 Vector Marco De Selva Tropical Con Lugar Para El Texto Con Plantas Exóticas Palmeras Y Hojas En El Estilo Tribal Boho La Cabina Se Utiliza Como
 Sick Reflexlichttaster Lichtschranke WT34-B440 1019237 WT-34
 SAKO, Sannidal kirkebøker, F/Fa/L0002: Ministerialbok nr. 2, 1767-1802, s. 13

--

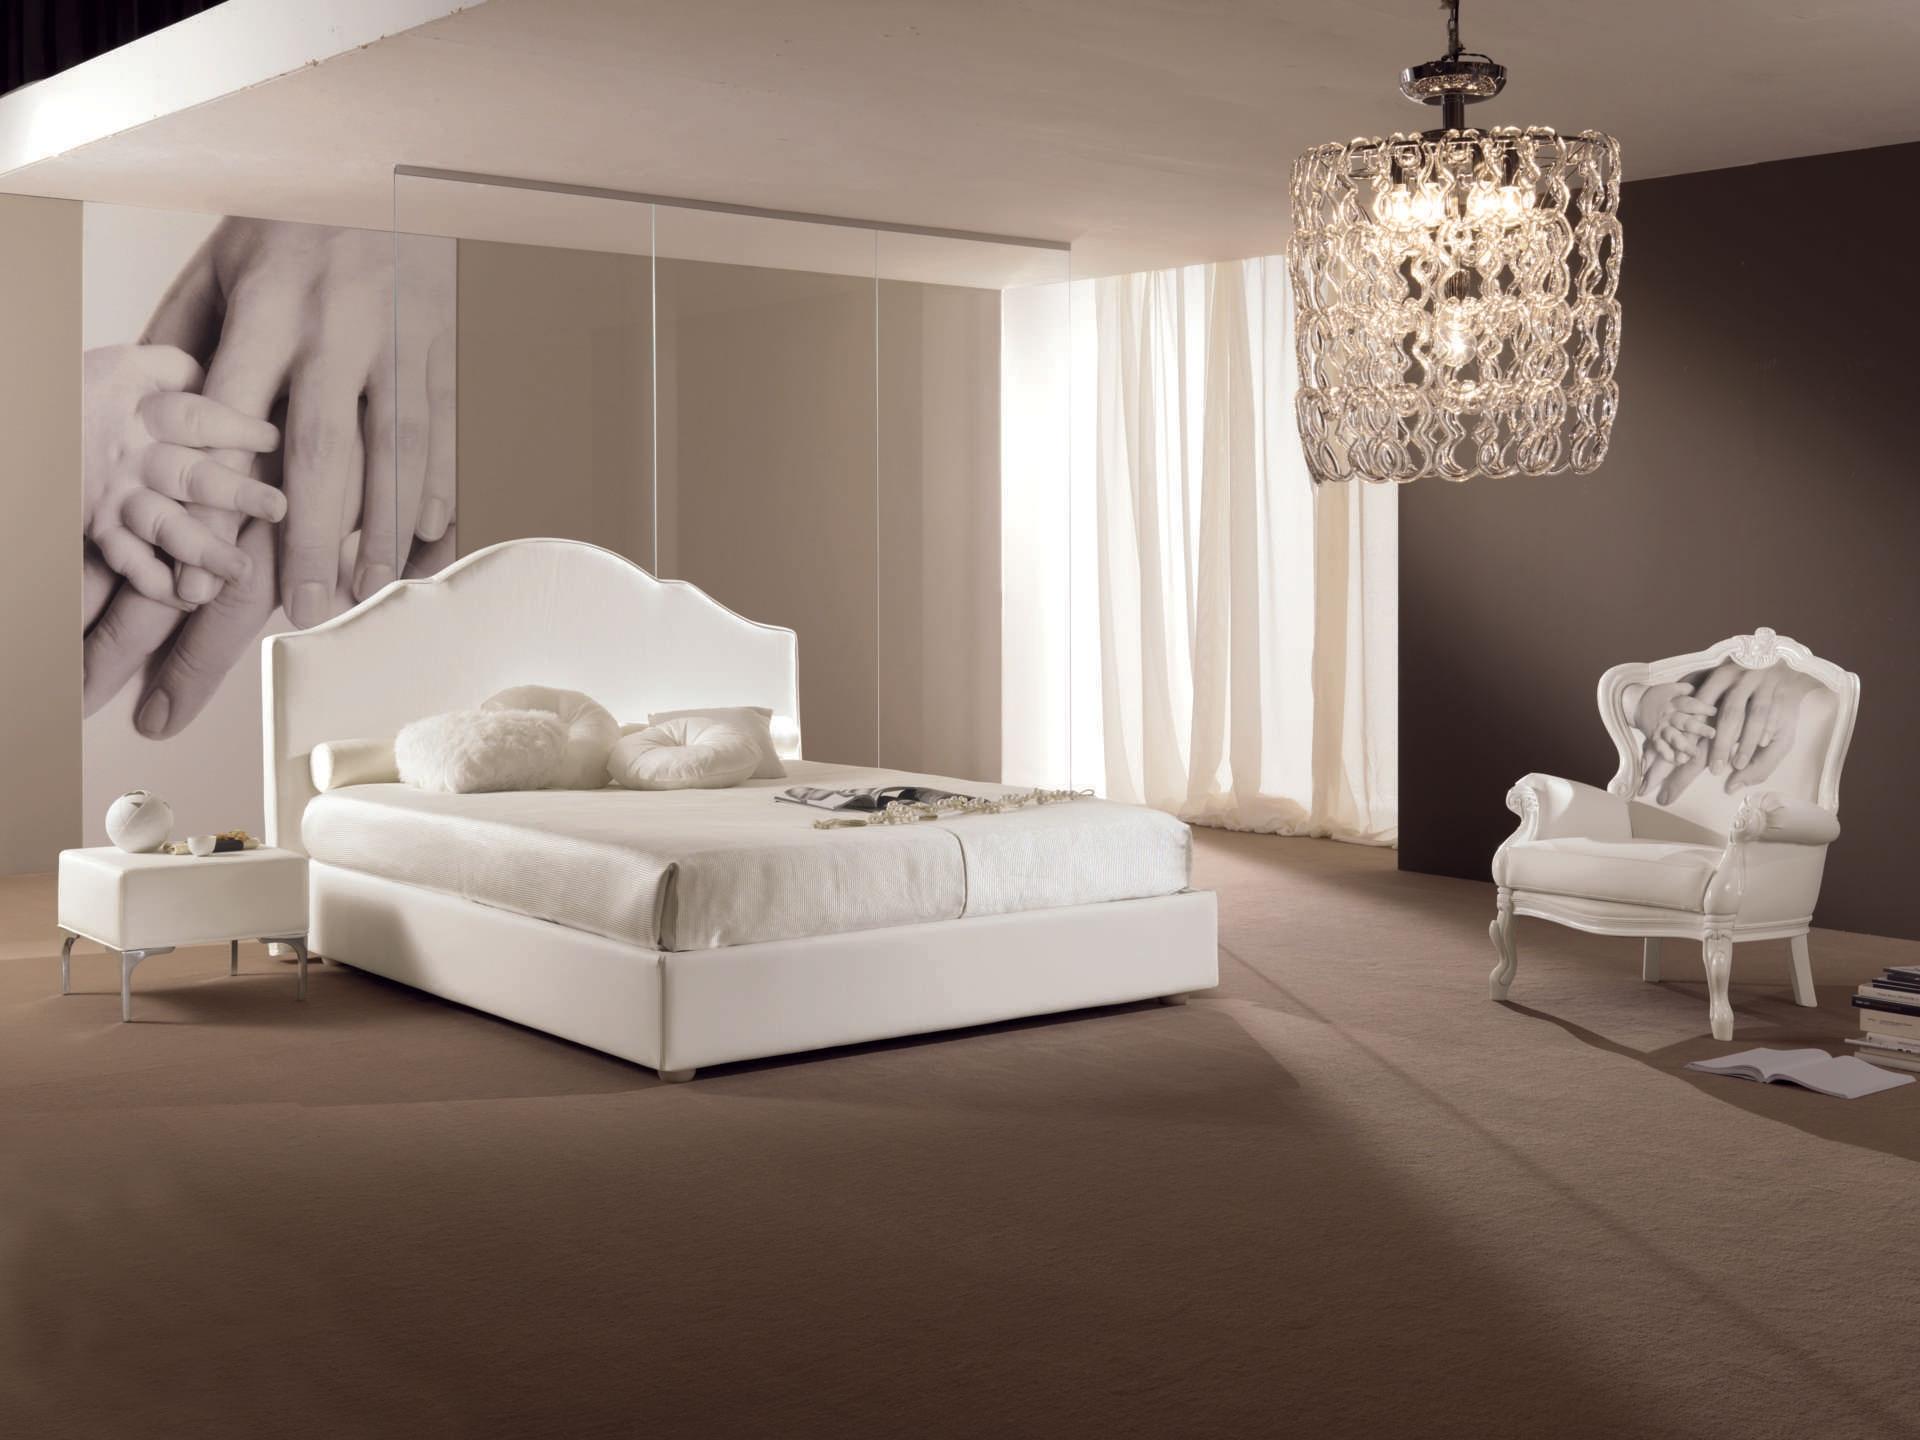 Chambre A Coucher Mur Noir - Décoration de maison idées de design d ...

**Task objective**
Reproduce exactly the lines of the records above from the one with "Sick Reflexlichttaster Lichtschranke" to the one with "SAKO, Sannidal kirkebøker, F/Fa/L0002: Ministerialbok", both included, and leave out everything else.

**Exercise output**
 Sick Reflexlichttaster Lichtschranke WT34-B440 1019237 WT-34
 SAKO, Sannidal kirkebøker, F/Fa/L0002: Ministerialbok nr. 2, 1767-1802, s. 13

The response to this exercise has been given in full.